Work task:
Please retype the data below line for line and leave out every picture.

Data section:
-------
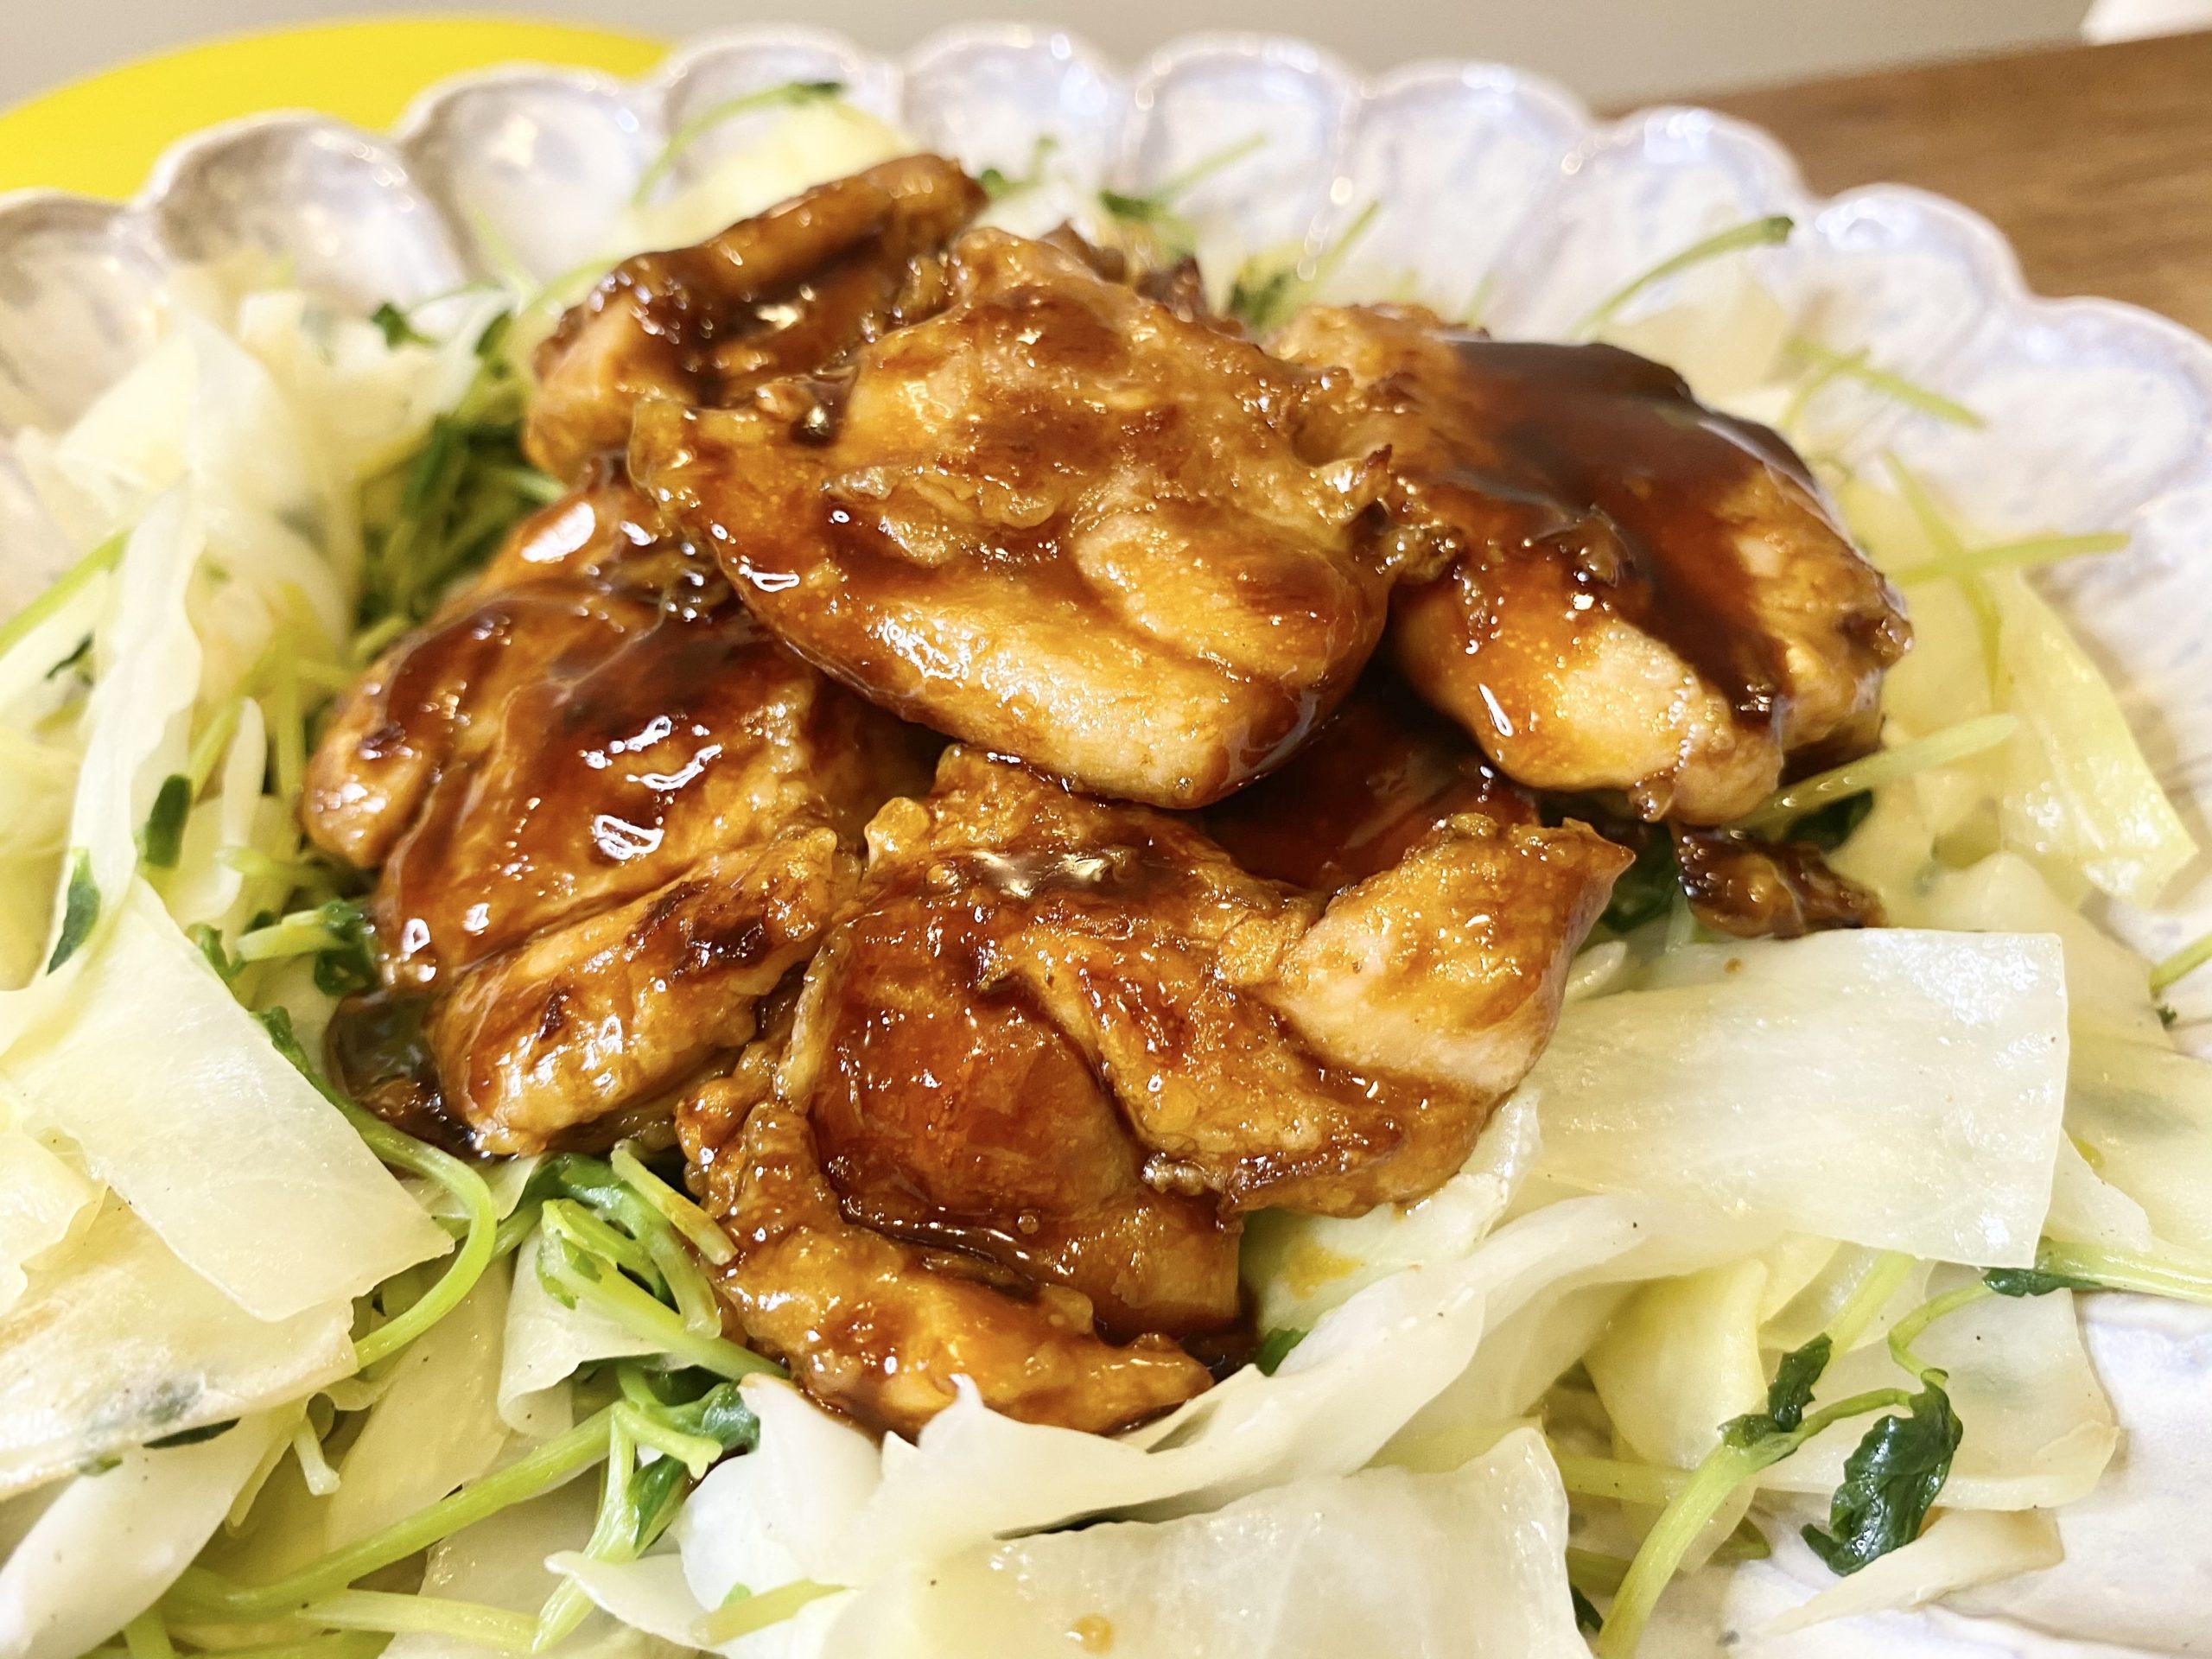 ご飯がススム!「鶏もも肉のオイスターソース炒め」のレシピ
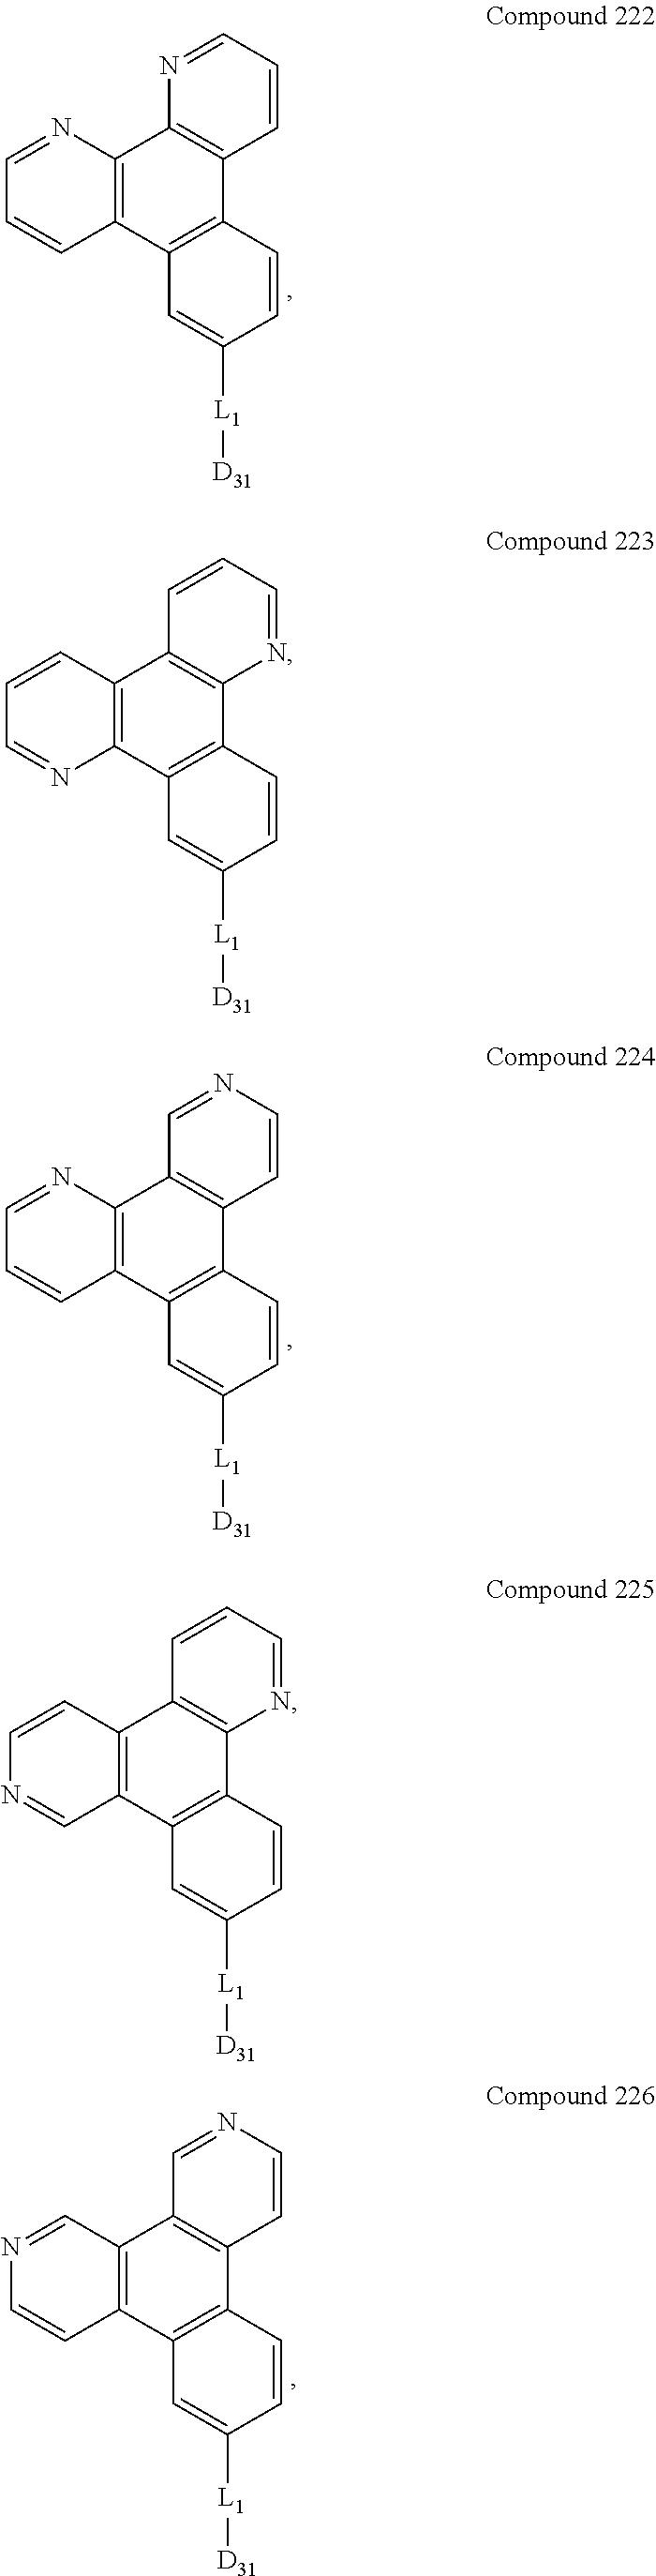 Figure US09537106-20170103-C00201
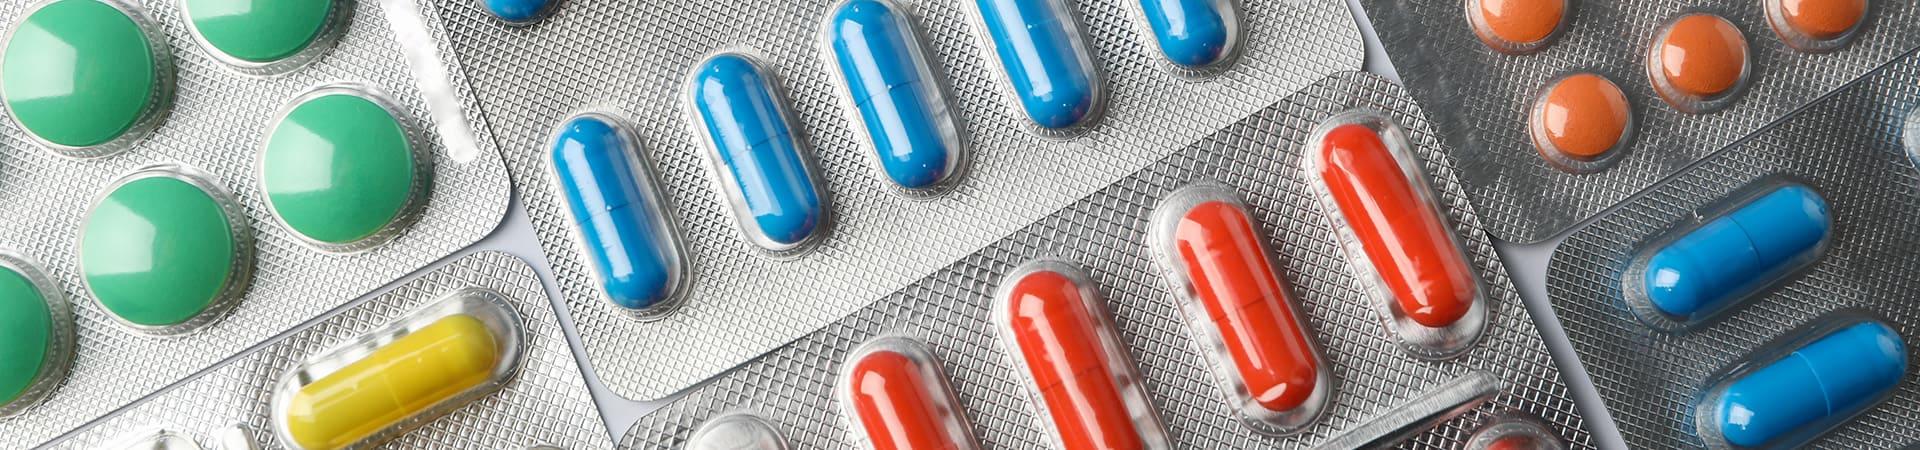 pharmaceuticals manufacturing
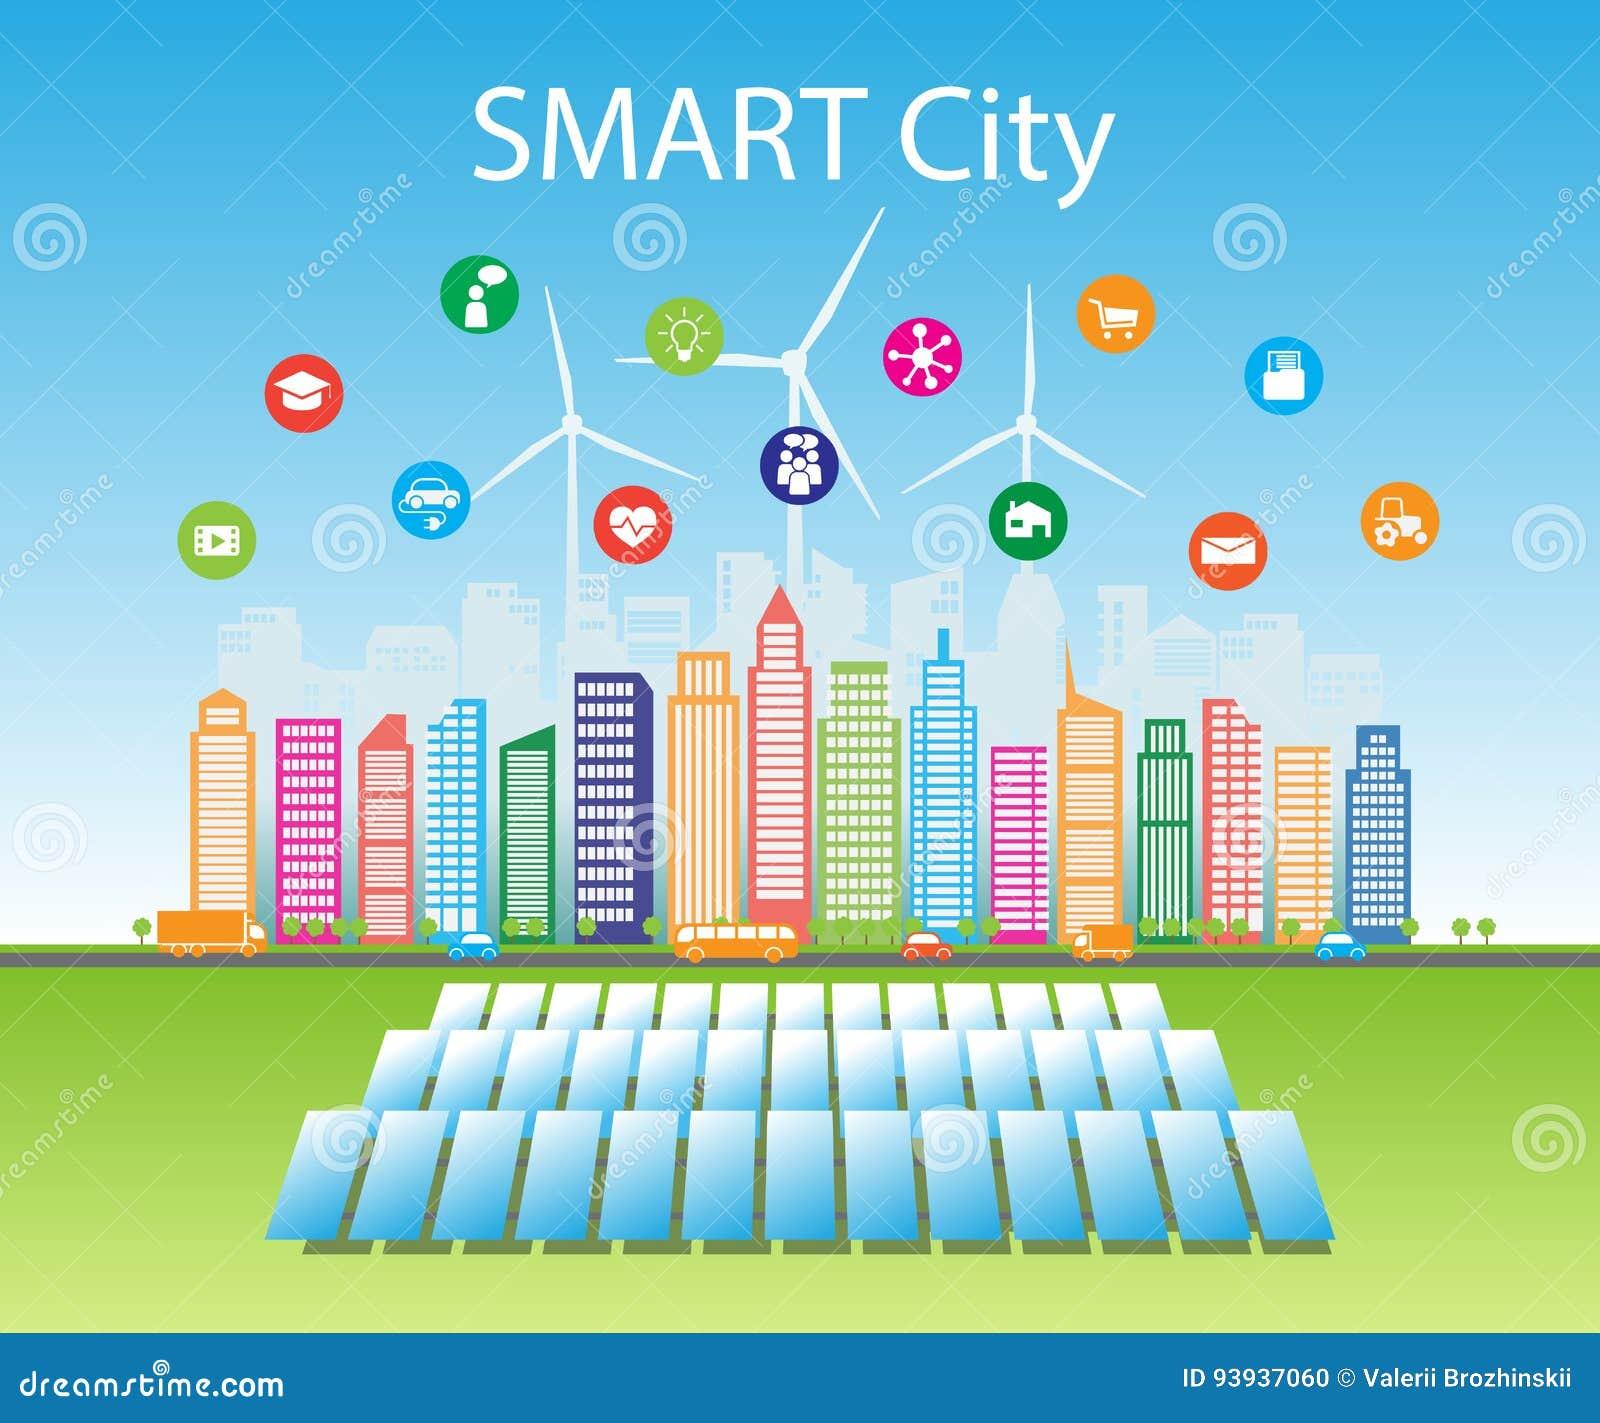 As cidades verdes espertas consomem fontes de energia naturais alternativas com serviços inteligentes avançados, redes sociais
-------
Response to this exercise:
 ご飯がススム!「鶏もも肉のオイスターソース炒め」のレシピ
 Figure US09537106-20170103-C00201
 pharmaceuticals manufacturing
 As cidades verdes espertas consomem fontes de energia naturais alternativas com serviços inteligentes avançados, redes sociais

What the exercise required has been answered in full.